Experiments Alpha

Acoustic Beam

Send a file from one device to another with sound — no internet, no Bluetooth, no USB. The sender's speakers play a sequence of audio chirps; the receiver's microphone reassembles the file. Everything runs in your browser.

Alpha — audio transfer is experimental and may need a quiet room and close device spacing.
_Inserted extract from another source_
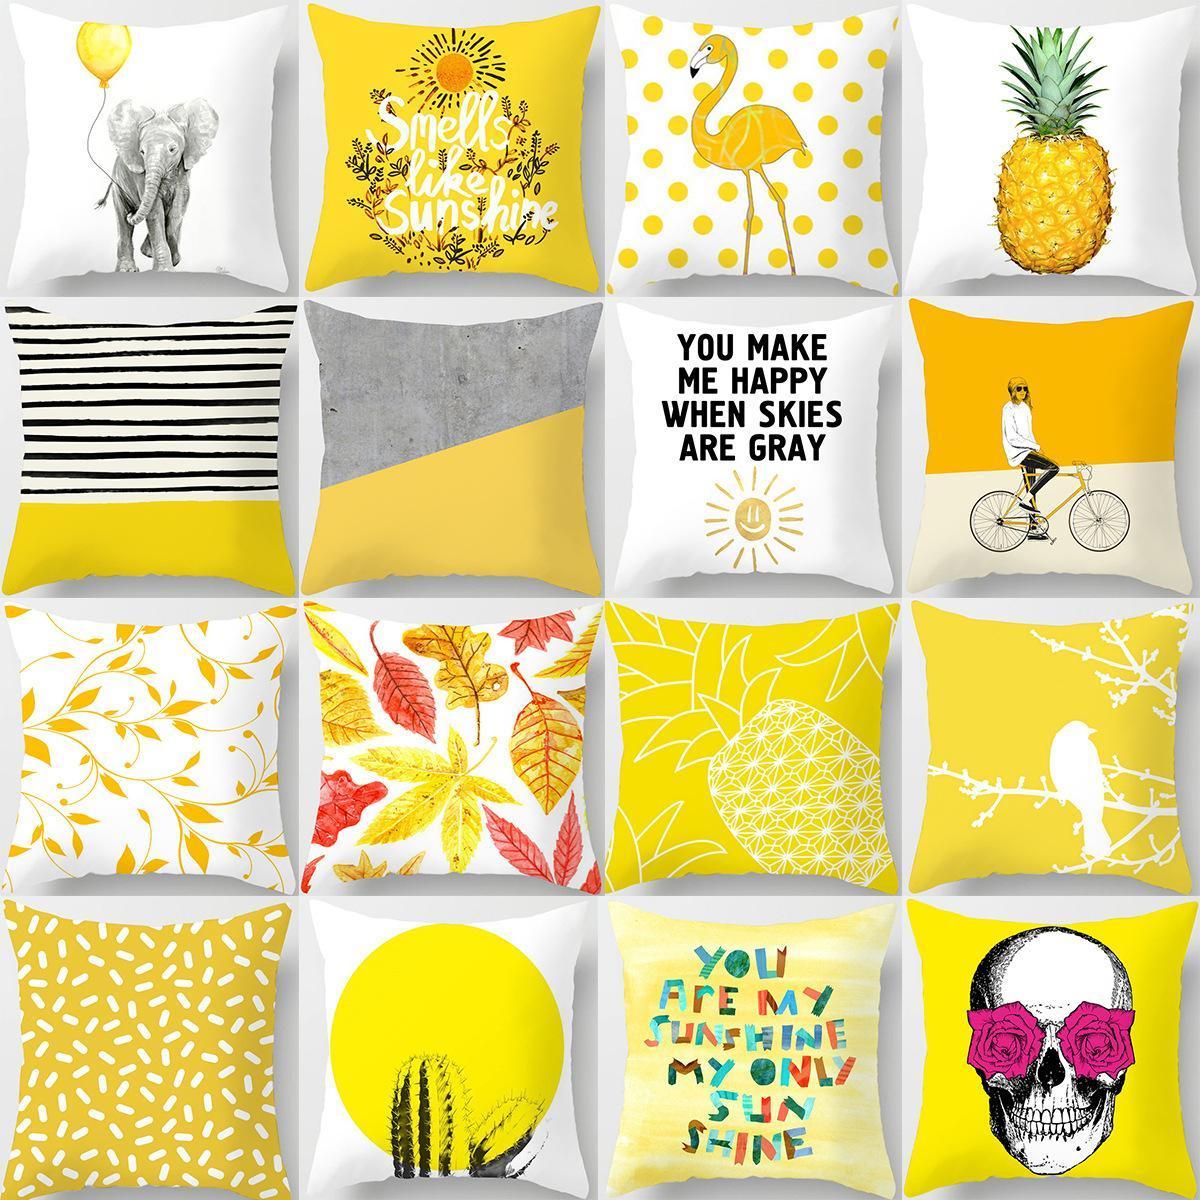 45x45cm Sarı Çizgili Yastık Geometrik Atma Yastık Yastık Kapak Baskı Yastık Yastık Kılıfı Yatak Odası Ofis Dekoru RRA2903 32styles

Pick a file to begin. Audio transfer is slow — keep chunk size small.
Waveform will appear here while transmitting.
Packet 0 / 0 · Loop 0

Place the two devices close together with a clear line of sound. The sequence loops automatically until every chunk has been received.

How it works

  1. The sender picks a file. The browser computes its SHA-256, splits the bytes into chunks, and encodes each chunk as a base45 string (same pipeline as QR Beam).
  2. Each base45 string is broadcast as an audio packet: a 200 ms preamble tone, a length header, the payload as 8-tone MFSK chirps (50 baud), and a CRC-16 footer.
  3. The receiver opens this same page on another device, switches to the Receive tab, and starts the microphone. The spectrogram shows incoming audio energy.
  4. The decoder watches for the preamble tone, demodulates the symbols, validates the CRC, and feeds each packet to the QR Beam reassembler. The SHA-256 is verified before the download is offered.
  5. No server. No internet. The file never leaves your browser.

Acoustic Beam is much slower than QR Beam (≈11 bytes/sec of source). It works best for small text messages and tiny files in a quiet room.